Re: diffs for on-the-fly image support

2002-05-22 Thread Keiron Liddle


Yes the several patches is good, thanks.
This way the appropriate ones can be applied to both code bases.

I agree that 3 is probably better and should be done for the development
code. 1 is suitable for a quick solution for the maintenance branch.

As for the extension, this is really for the development code. I don't
know exactly where you are getting your data etc. from but the new code
could handle this as an extension. The svg drawing itself is an
extension and it could be done in the same way. You supply a handler on
the user agent, this handler receives some xml data and has access to
the pdf document, streams etc. This could make it easier but I would
need more info.

On Tue, 2002-05-21 at 16:00, Paul Reavis wrote:
 Agreed. Here are some possible solutions:
 1) a boolean switch (in the api or system properties)
 2) intelligence in the buffer itself, where it uses a tempfile after a
 certain size is reached
 3) better overall architecture where buffers are immediately flushed
 to output rather than remaining in memory
 
 (3) seems best and is in line with the next-gen design documents I see
 on the fop site, but I don't know how far along y'all are with that. I
 have to use a similar architecture for my map translation software;
 GIS systems are hundreds of megabytes and scalability requires a flat
 memory usage model. All my buffers are strictly memory-limited.
 
 (1) is easy enough
 
 (2) would be fine but probably has pitfalls; the problem is that there
 are a _lot_ of these buffers and PDFStreams running around, and
 therefore it's a global problem - I counted dozens for one plot, 24MB
 total. 
 
 I was planning on using a switch for the cvs patch, unless y'all have
 (3) figured out.
 
  I don't see the need for an extra PDFStreamGraphics2D class. Modifying
  the PDFGraphics2D should suffice.
 
 Agreed. I just didn't want to break the existing (the current patch
 uses PDFStreamGraphics2D just for my case).
  
  An extension may work better in this situation with the development
  code. If I understand the problem properly.
 
 ?? An extension to the code, or a file extension for the URL? I'm not
 sure what you mean.
 
 As far as my plans for the other features:
 
 I figure the drawImage hack is a no-brainer. It's just the right thing
 to do in that instance. The additional memory usage should be no big
 deal (it's a hash of image pointer to integer ID).
 
 I'll just modify PDFGraphics2D directly to use the underlying
 PDFStream. I think this is fine for all cases.
 
 Should I break it up into several patches?
 - tempfile buffering
 - drawImage hack
 - PDFGraphics2D hack
 - on-the-fly images



-
To unsubscribe, e-mail: [EMAIL PROTECTED]
For additional commands, email: [EMAIL PROTECTED]

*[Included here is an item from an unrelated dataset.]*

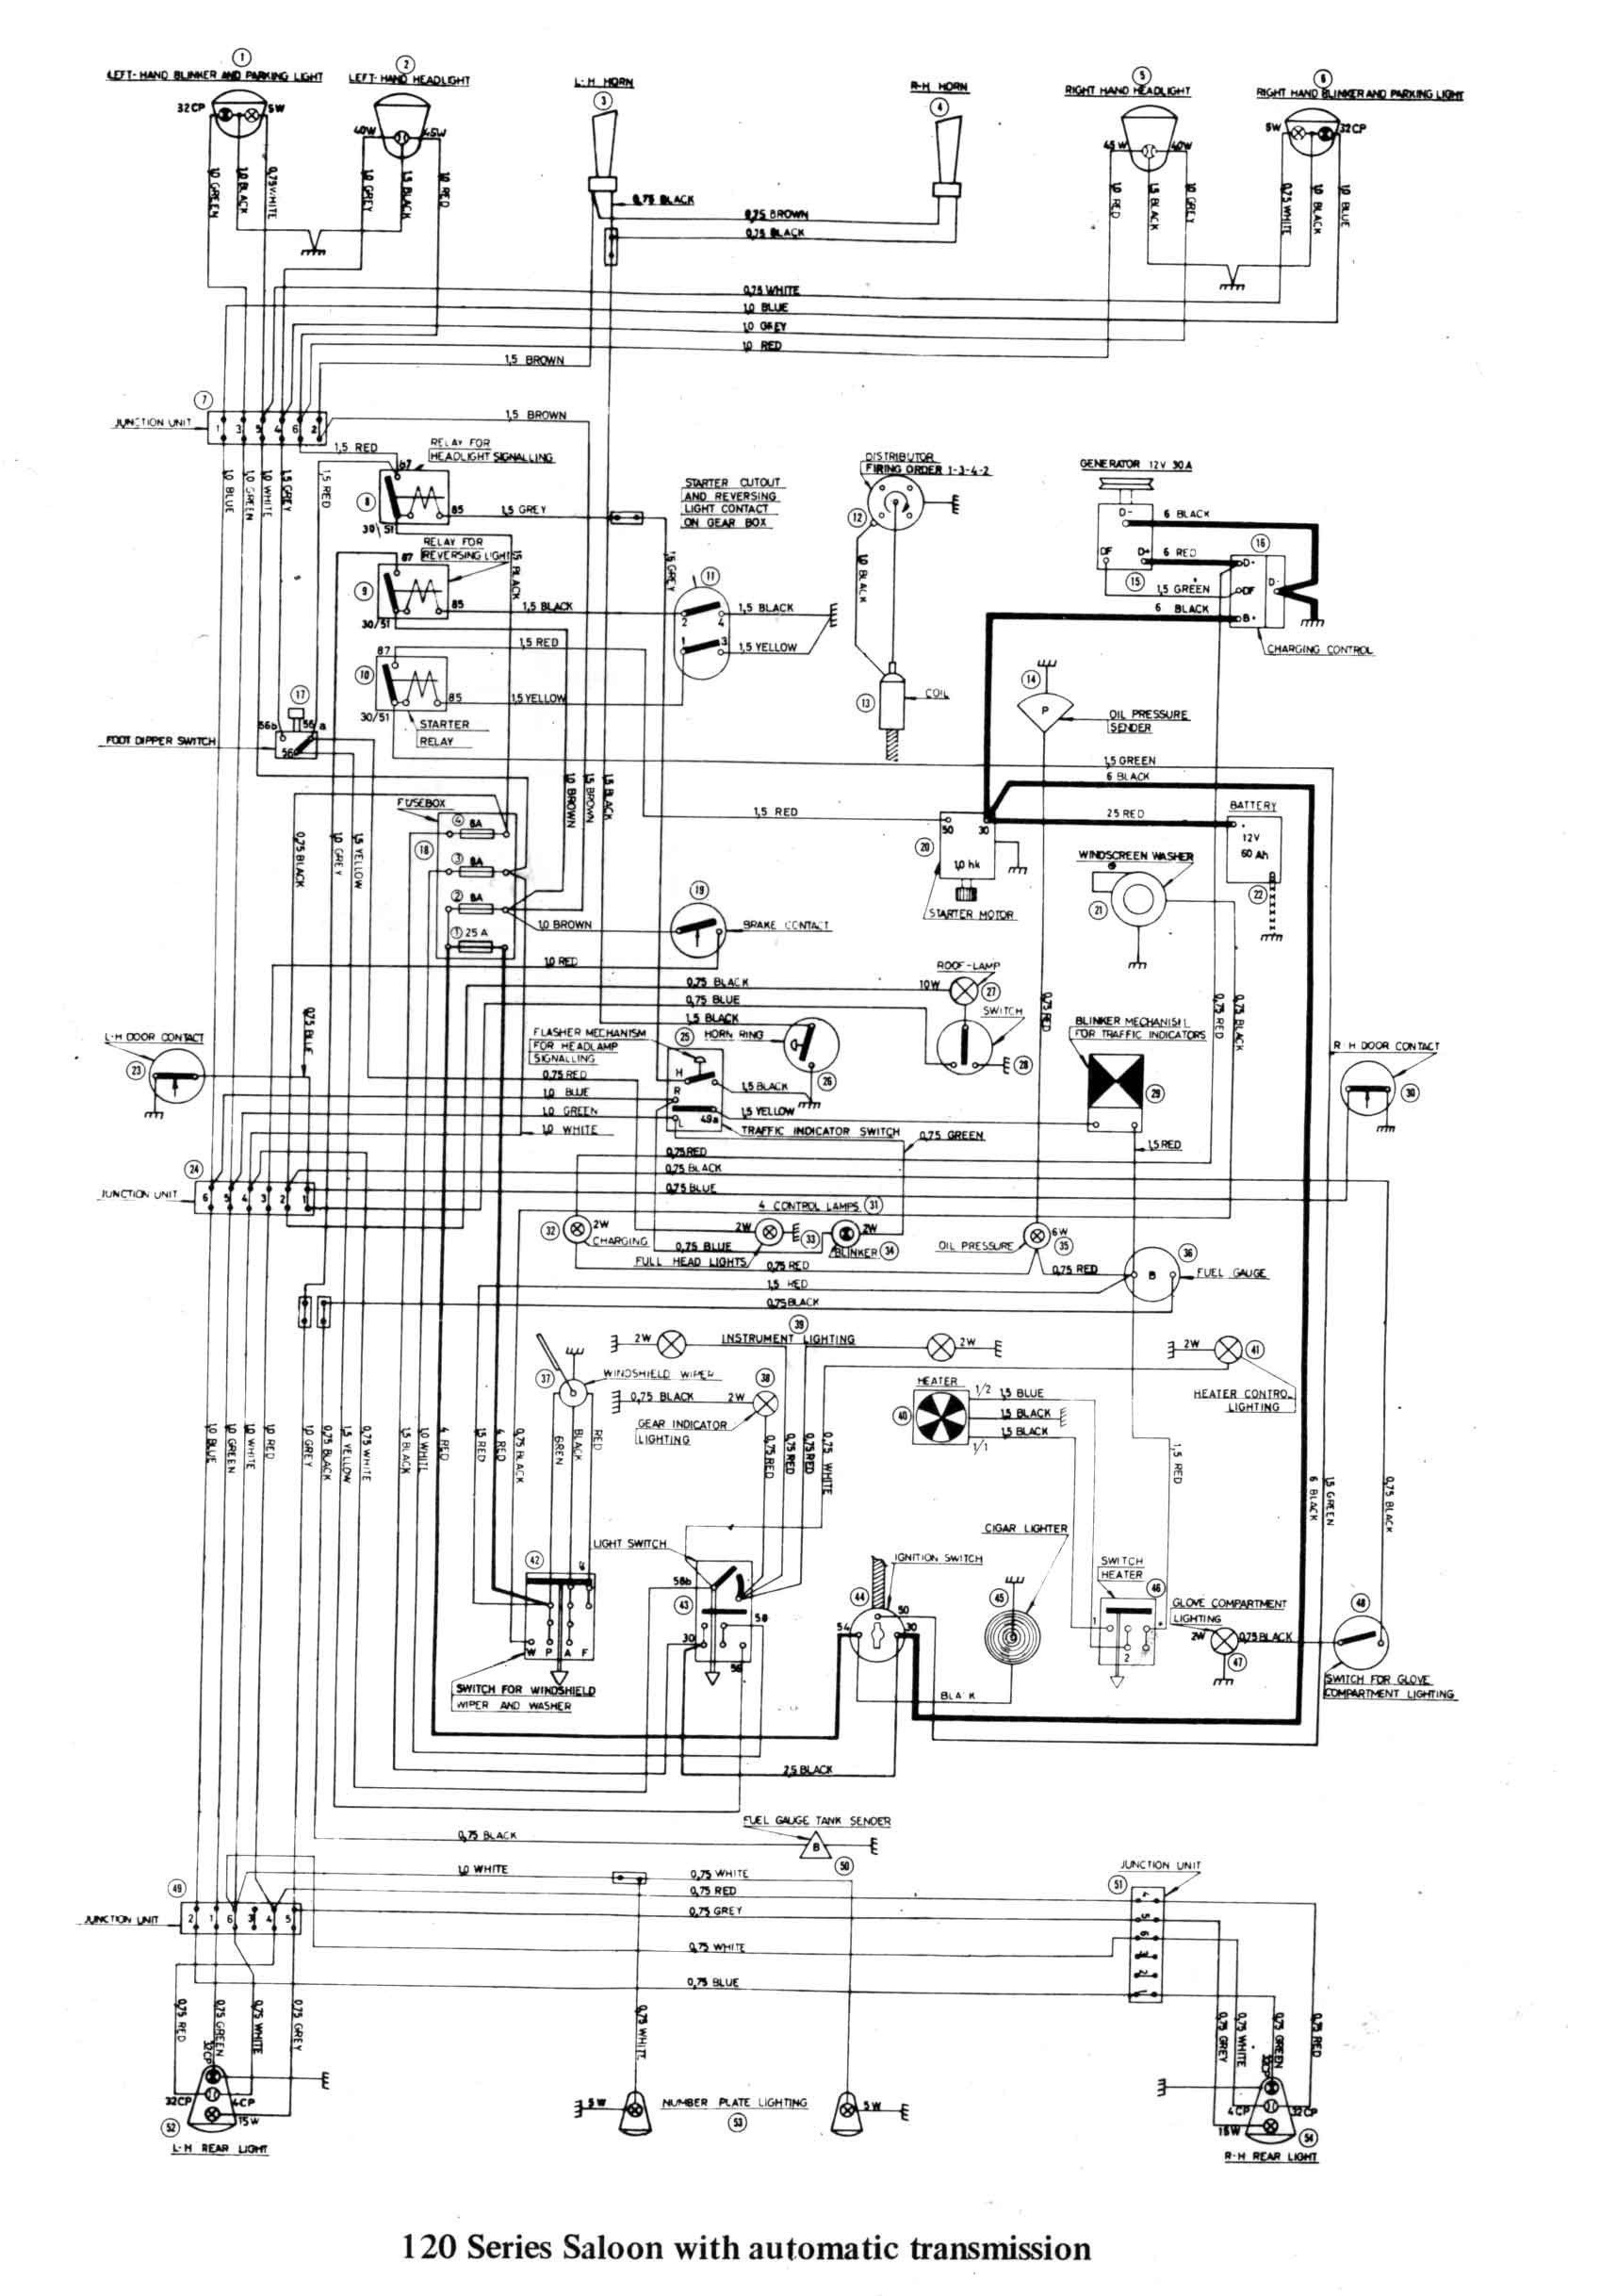 1996 Lexus Es300 Engine Diagram Lexus Alternator Wiring Diagram Detailed Schematics Diagram Of 1996 Lexus Es300 Engine Diagram

Re: diffs for on-the-fly image support

2002-05-22 Thread Paul Reavis

Keiron Liddle ([EMAIL PROTECTED]) wrote To FOP on Wed, May 22, 2002 at 10:30:45AM 
+0200:

 
 Yes the several patches is good, thanks.
 This way the appropriate ones can be applied to both code bases.
 
 I agree that 3 is probably better and should be done for the development
 code. 1 is suitable for a quick solution for the maintenance branch.
 
 As for the extension, this is really for the development code. I don't
 know exactly where you are getting your data etc. from but the new code
 could handle this as an extension. The svg drawing itself is an
 extension and it could be done in the same way. You supply a handler on
 the user agent, this handler receives some xml data and has access to
 the pdf document, streams etc. This could make it easier but I would
 need more info.

In brief, the algo is this:

1) before pdf generation, the client program sets up the on-the-fly
snapshot objects - each is a subclass of OnTheFlyFopImage, supplying a
paint(Graphics2D) routine.

2) the client then registers the images somewhere in the FOP api (in
my current hack, with FopImageFactory directly) with a url like onthefly:uniquename

3) the client then runs the PDF generation

4) the PDFRenderer, when it encounters an external image reference
with an onthefly:uniquename URL, looks up the correspondingly-named
OnTheFlyFopImage in the registry 

5) the PDFRenderer then sets up a PDFGraphics2D and runs
OnTheFlyFopImage.paint on it.

6) at some point before or after pdf generation, the application can
clear the registry, freeing up any memory used by the OnTheFlyFopImages.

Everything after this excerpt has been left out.